How to Find Duplicates Automatically in Excel using the COUNTIF function.

Related-View our course on cleaning data with Excel

- - 5:20
- - Skill Level: 5
- - What's my skill level

## Find Duplicates Automatically in Excel

You sometimes need to find duplicates automatically in Excel.

So in this example, what we have got here is a transaction number and you’ll see the first one is 100123 and as you come down you’ll see that same number is repeated a couple of times. So what we want to do is to tell Excel to please find where these situations happen.

The function to use is the **COUNT IF** function. The key logic is how we are going to do the counting. Just working back we want Excel to look at the first row and to say, that transaction number – have I seen it before? – just looking upwards. When it goes to the next cell, it must look between these two and say, have I seen it before, yes or no – how many times? Eventually we will go all the way down here and by the time we get to this cell (B18), what it will do is count how many times its seen this transaction before and in this case it will say, oh, there is another one here. So you are always looking above. So lets do the “**COUNT IF**” function. The range is where we are going to make a major difference. So I’m going to say please look at the range from here and in this case by pushing semi-colon (;), you’ve got the same range (B11;B11) – and the criteria, I’m going to make it this cell (B11).

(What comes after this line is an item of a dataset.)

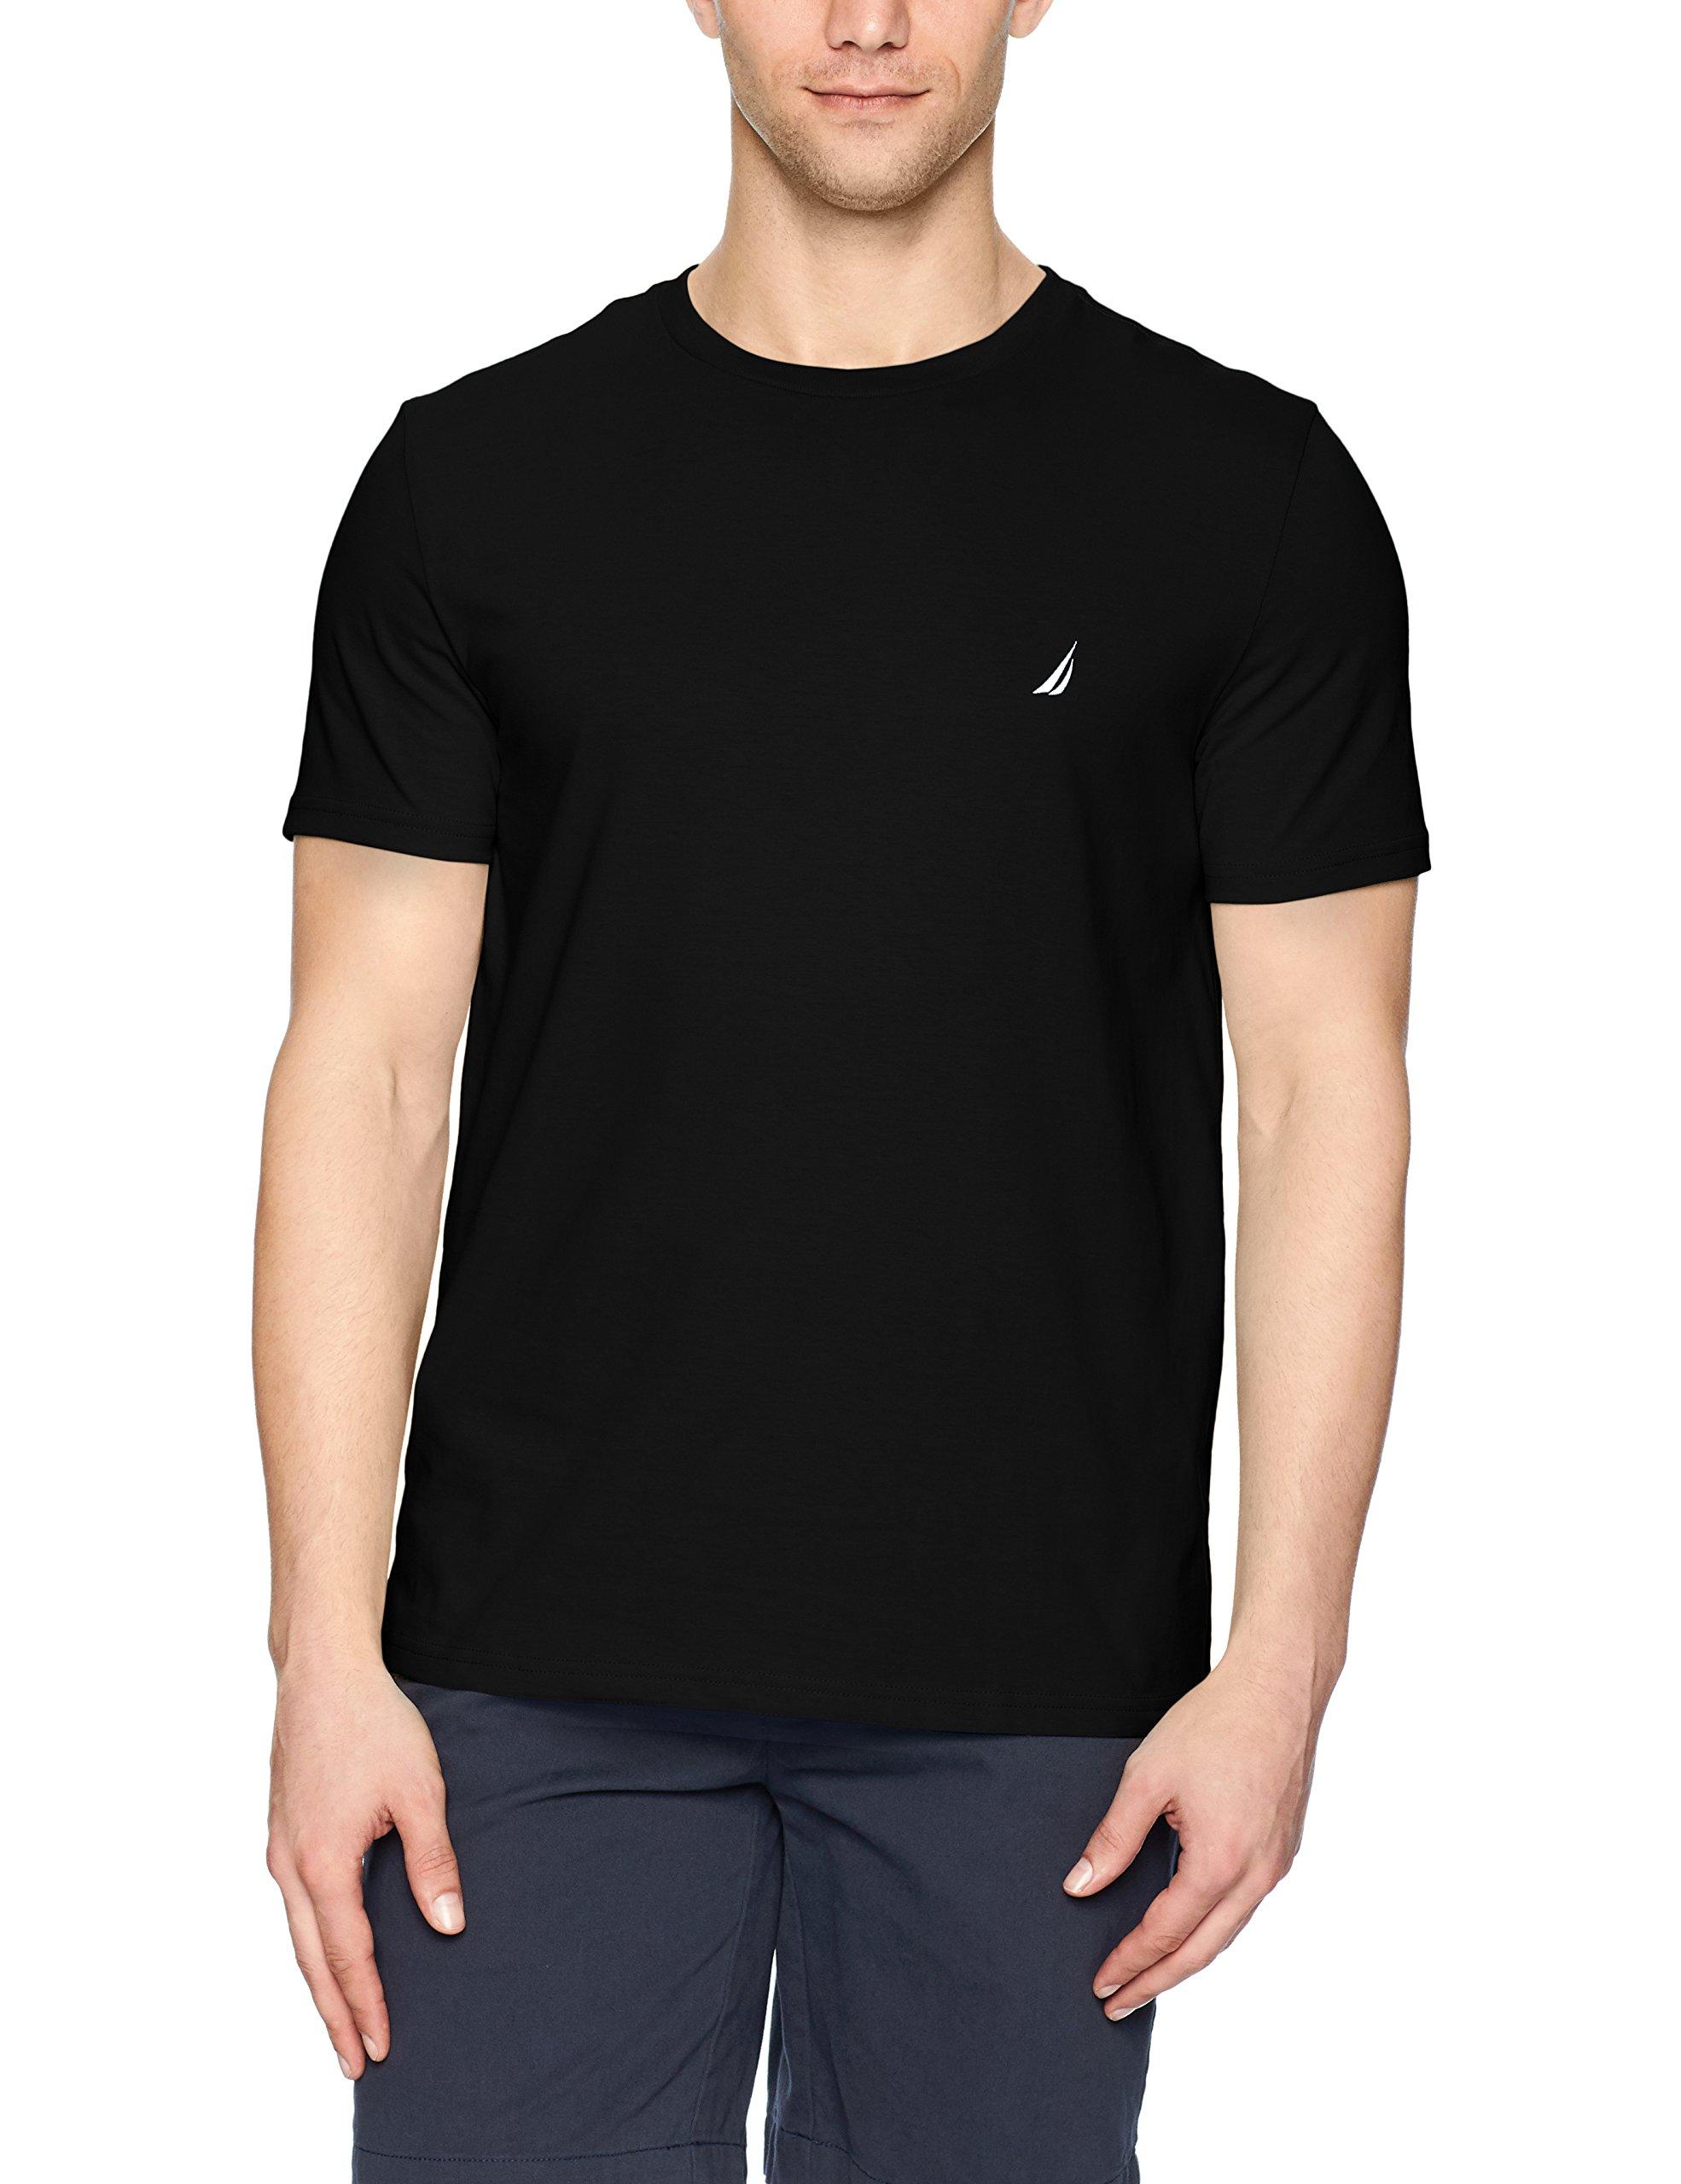 Nautica Men's Short Sleeve Solid Crew Neck T-Shirt, True Black Solid, Large

What is key is, as I copy it down, I want the first cell to stay the same (of the range) but the second reference can move. So I’m going to freeze SBS11 and press ok. If you see Excel’s result – it has found one time of this transaction. If I copy it down to G31. As we go down, you’ll see the area it looks at is ever increasing until it gets to row G18 where its now looking and saying in this range, I have found this transaction twice – and going down you’ll see 3, 4, 5 etc. And now what we want to do is in a separate column, we want to tell Excel where is the first instance of any particular transaction number shown.

So, for example, this 2, 3, 4 – all of them are irrelevant to us – we don’t actually care – we know that that means that they are duplicates – all we care about is the 1’s. So a simple way to do it is use the “**IF”** function and just say, if this is a 1, that’s fine – we’ll just put a 1 for example, if its not a 1 put a 0 or another word. So I’m just going to use the function wizard, go to the “**IF**” function- the logical test here is that if this cell is = to 1, then I know that that is a unique situation, if its true in my case I’m going to put a 1, you may put a word saying “unique” or whatever you want it to be. If its not a 1, then it must be a duplicate, so you can either be a word but I am going to put a 0 in, say ok and now I copy it down. So what you’ll see here is that all unique transaction numbers, get 1s.

Wherever there are duplicates, you now get 0s. If you wanted to now, you could set up the data filter. You could say just show me the 1s and you will see only the unique numbers. What we can now do is take it a step further. What we want to do is uniquely identify the unique items. So what we want to be able to say is- give an absolutely unique number to the lines that are unique – so for example, that will be a 1, that will be a 2. When it gets down here where there are duplicates, we don’t actually want numbers for these, but we want unique numbers here.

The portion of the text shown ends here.